→ **Instructions to follow**
Nothing but the lines from the one containing "Natuzzi Natuzzi Corner" through the end of the data below should appear in the answer, each exact and free of pictures.

→ **Dataset content**

---+---

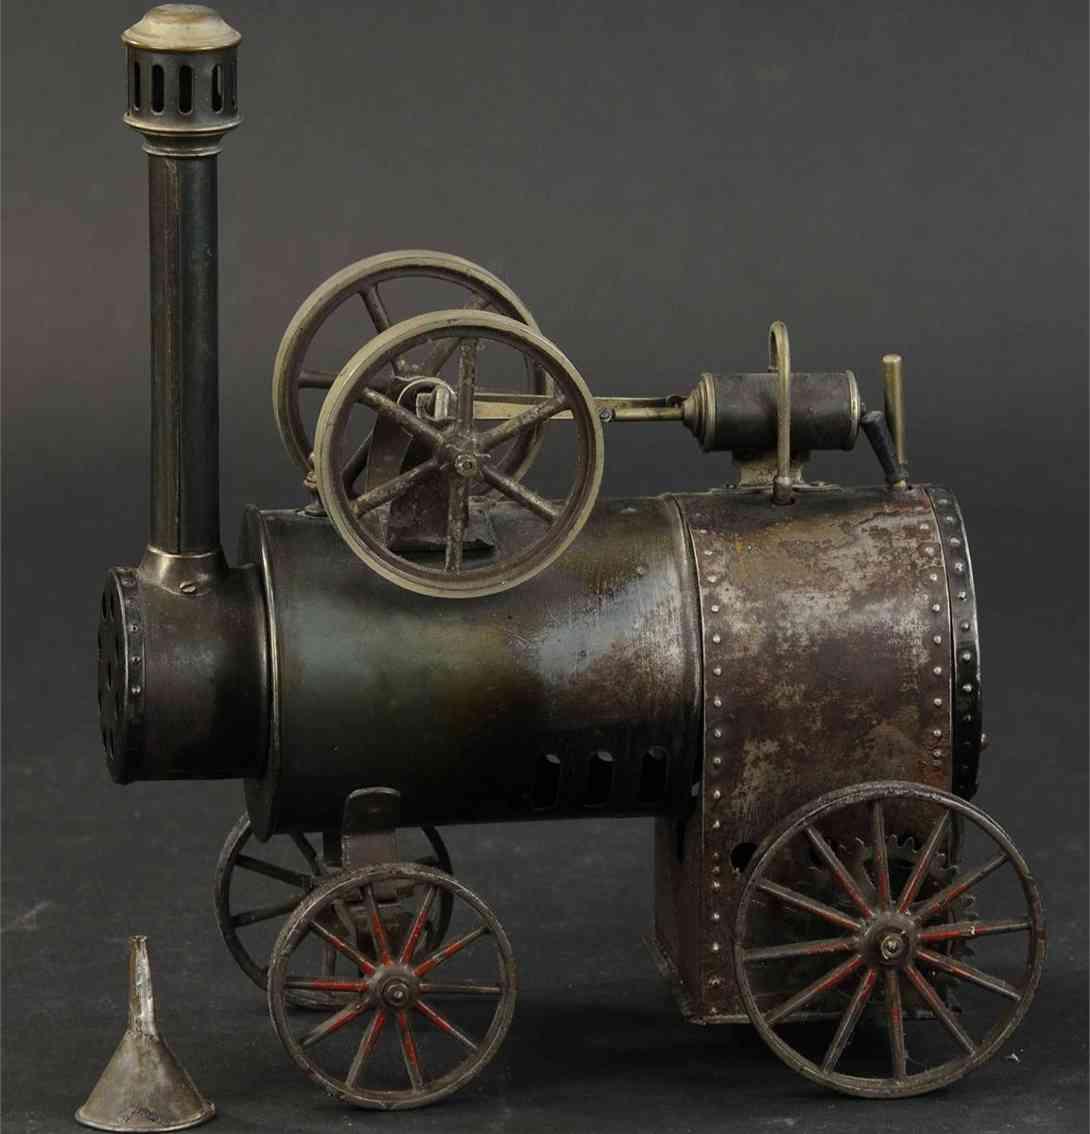 falk josef dampfspielzeug fahrbare lokomobile
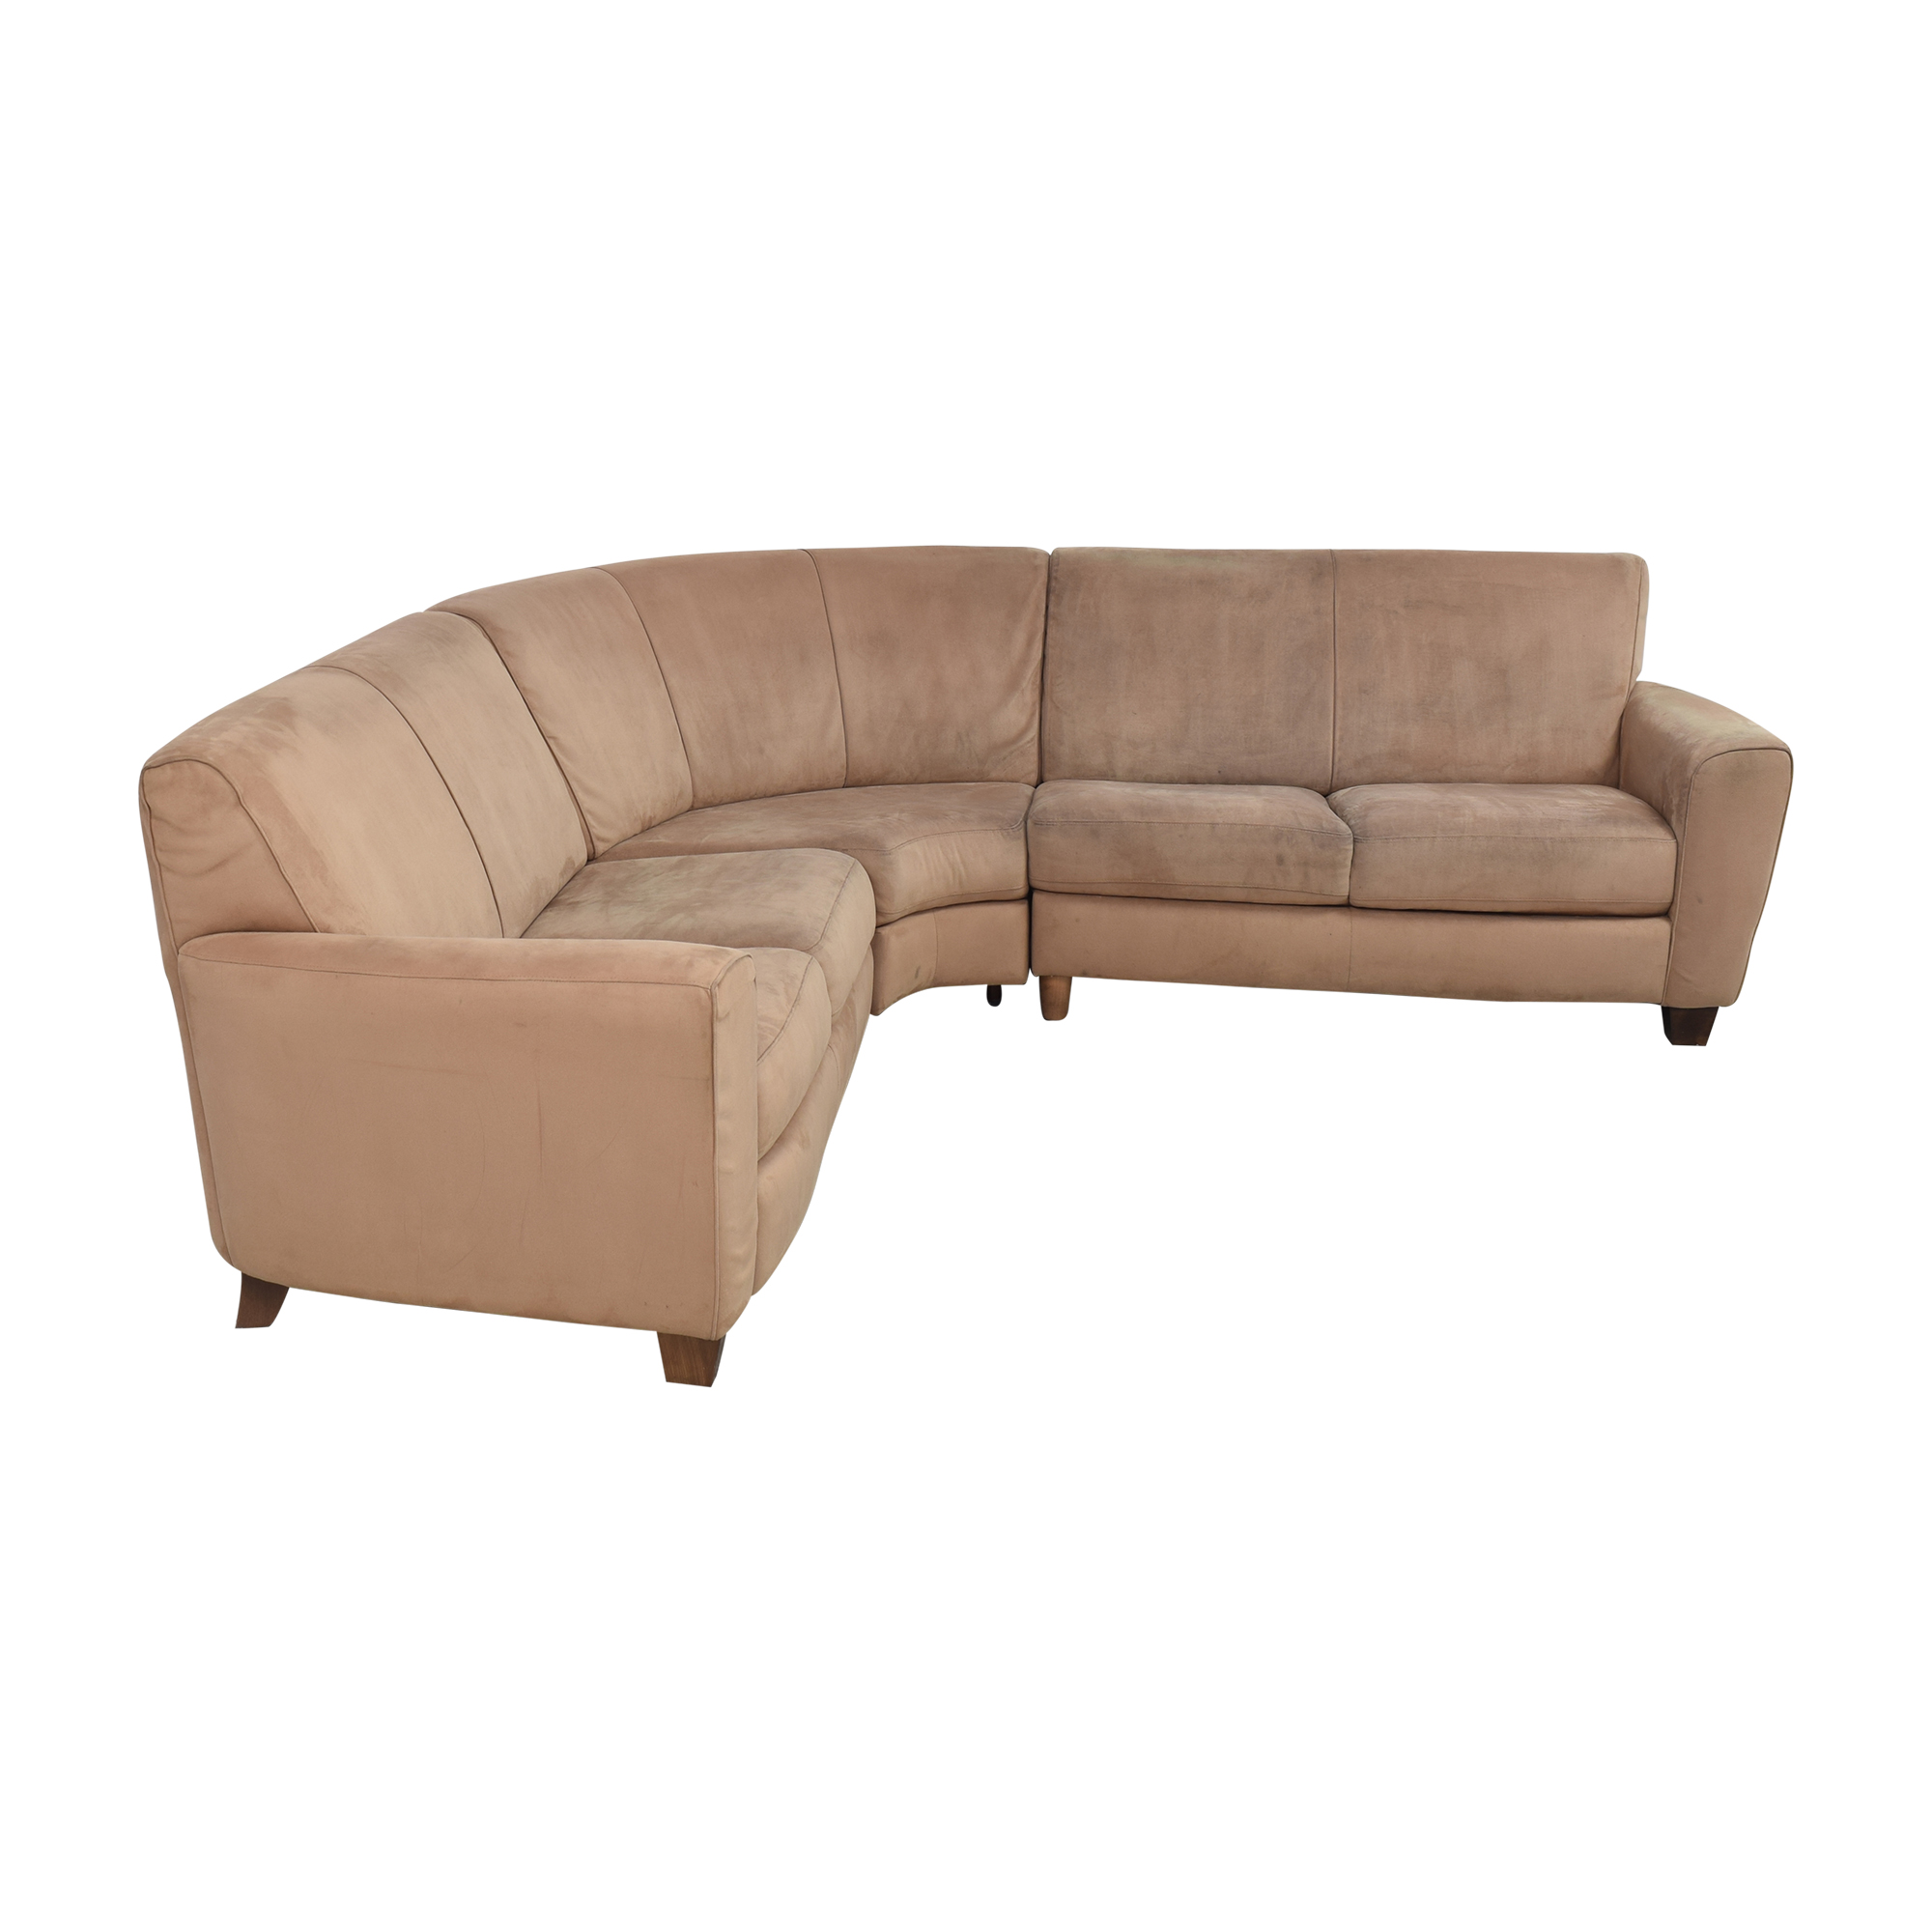 Natuzzi Natuzzi Corner Sectional Sofa discount
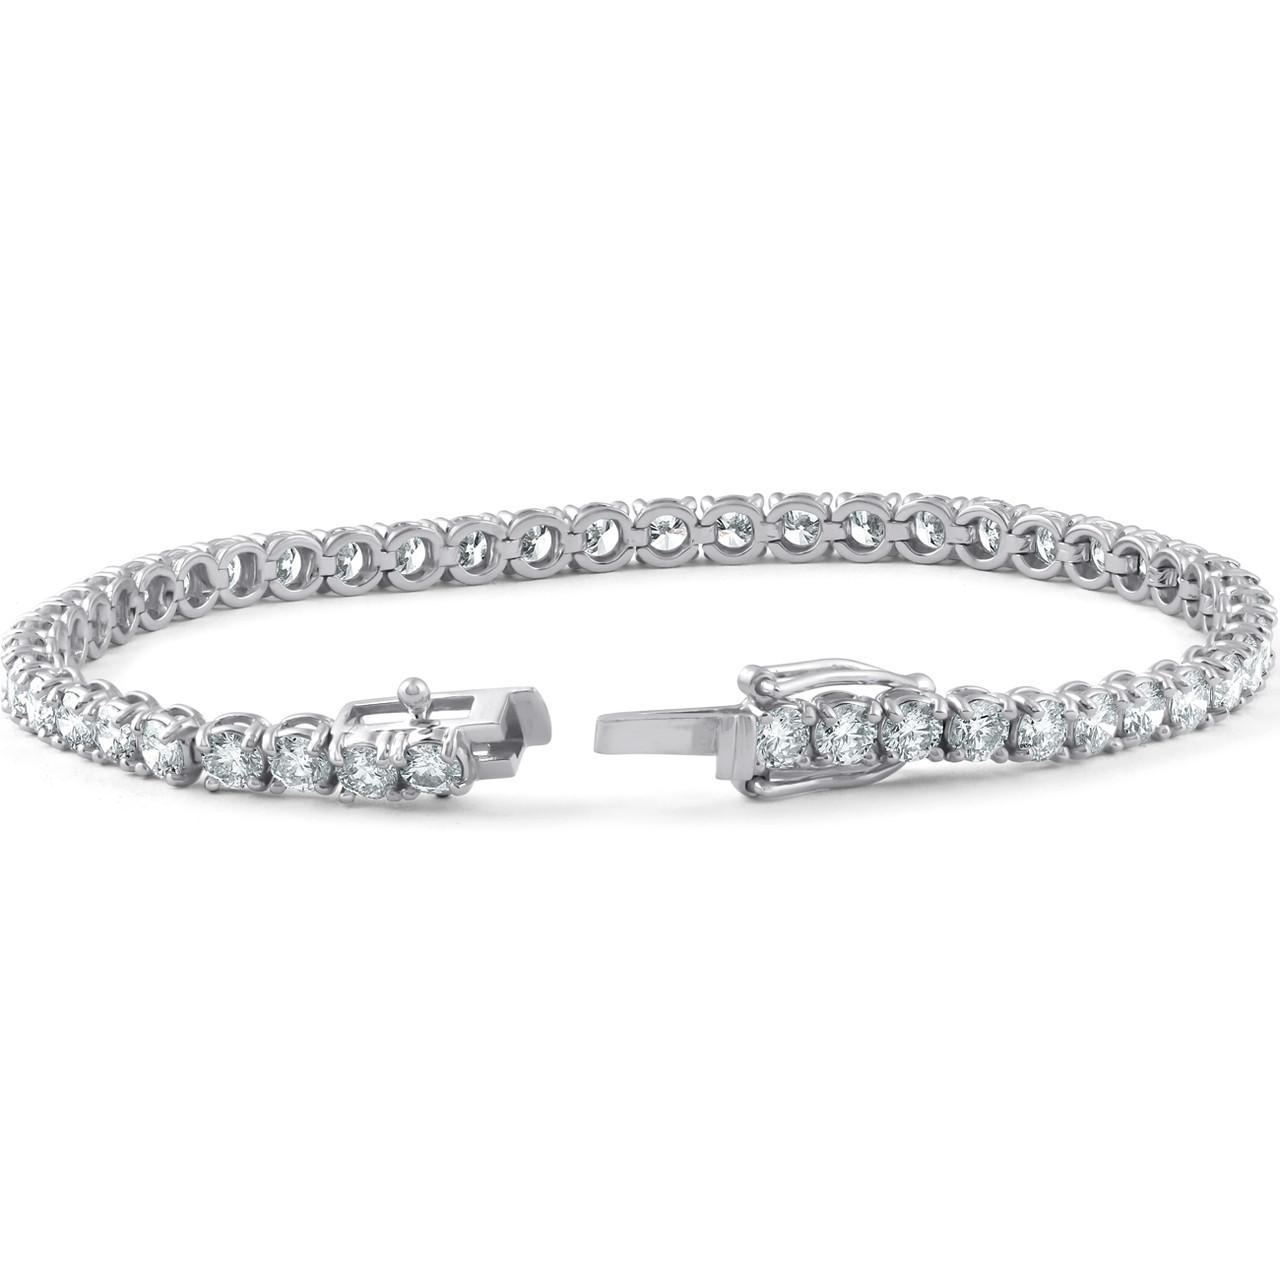 500a0bfda7b7c 7 Carat Round Lab Grown Diamond Tennis Bracelet 18K White Gold 7

---+---

→ **Result of this exercise**
 Natuzzi Natuzzi Corner Sectional Sofa discount
 500a0bfda7b7c 7 Carat Round Lab Grown Diamond Tennis Bracelet 18K White Gold 7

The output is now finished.